In his first interview since being appointed to lead Russia's armed forces in Ukraine Oct. 8, Gen. Sergei Surovikin told Russian state media that the situation in Kherson "very difficult" and refused to rule out "the hardest decisions."

In this handout photo taken from video released by Russian Defense Ministry Press Service on Tuesday, Russian Gen. Sergei Surovikin speaks during an interview, describing the situation for Russian forces in the Kherson region as "very difficult." (Russian Defense Ministry Press Service via AP)

Surovikin — who has overseen the mass bombardment of Ukrainian cities since taking over — accused Kyiv of targeting civilians and said Russia's focus was now on saving lives.

"We will operate with the goal of maximizing the safety of civilian population and our soldiers.
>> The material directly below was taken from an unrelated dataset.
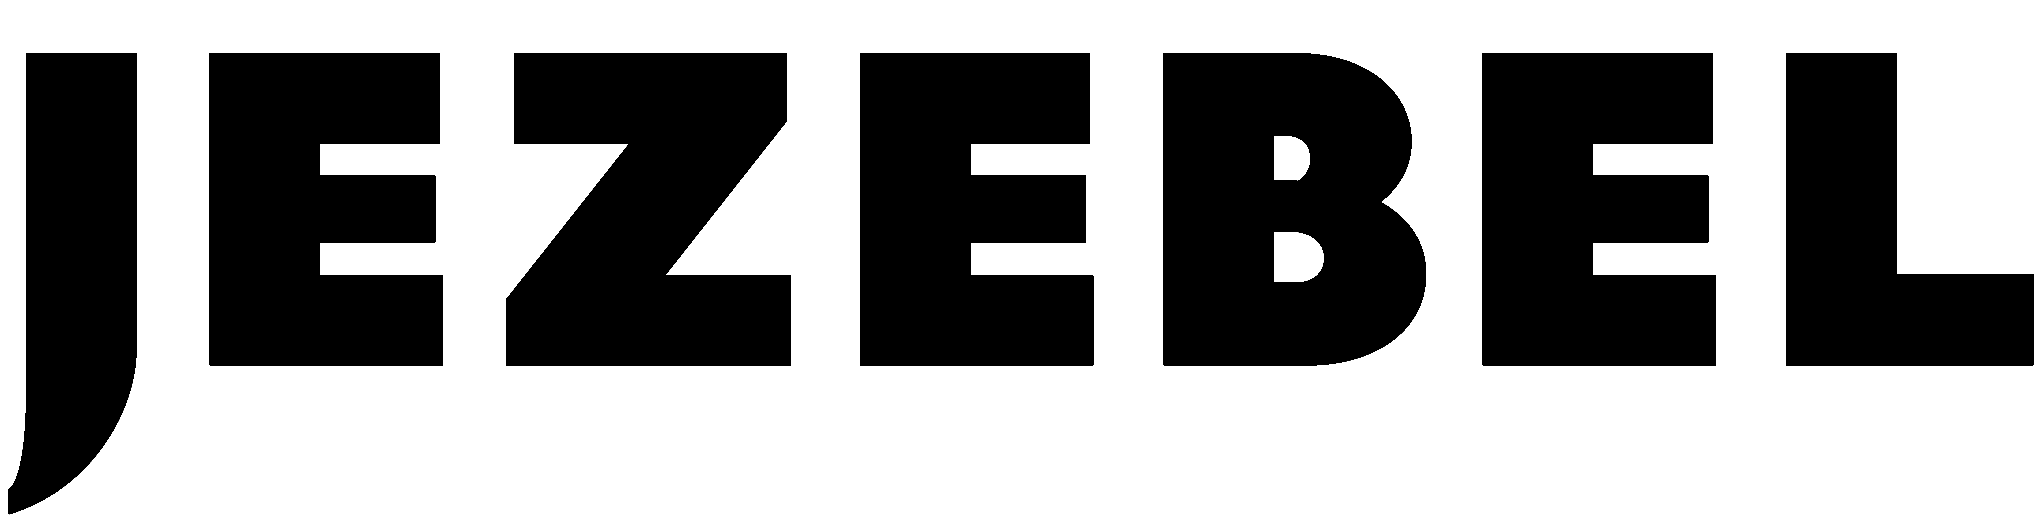 Jezebel_Logo.png

That is our priority," Surovikin said to the Zvezda channel, a state media outlet funded by Russia's Defense Ministry.

The Institute for the Study of War, a Washington, D.C.-based think tank, suggested similar schemes are a "pretext for deporting Ukrainian citizens to Russian territory as they populate occupied areas with Russian citizens."

It was unclear how many residents were heeding the Russian warnings to evacuate.

A travel ban for Kherson starts next week

According to Russian state media, Kherson residents received text messages with instructions to catch evacuation buses out of the city.

Pro-Kremlin media reports also showed people with bags lined up to catch ferry boats across the Dnipro River.

Separately, the Russian-backed authorities announced they were closing off travel into Kherson for the next week.

Kherson is one of four Ukrainian regions Russia claimed to have formally annexed following a series of staged referendums in September.

Both the so-called referendums and annexation bids have been widely denounced by the international community.

Despite claiming the lands as part of the Russian Federation, Moscow's forces never managed to establish full control over the territories.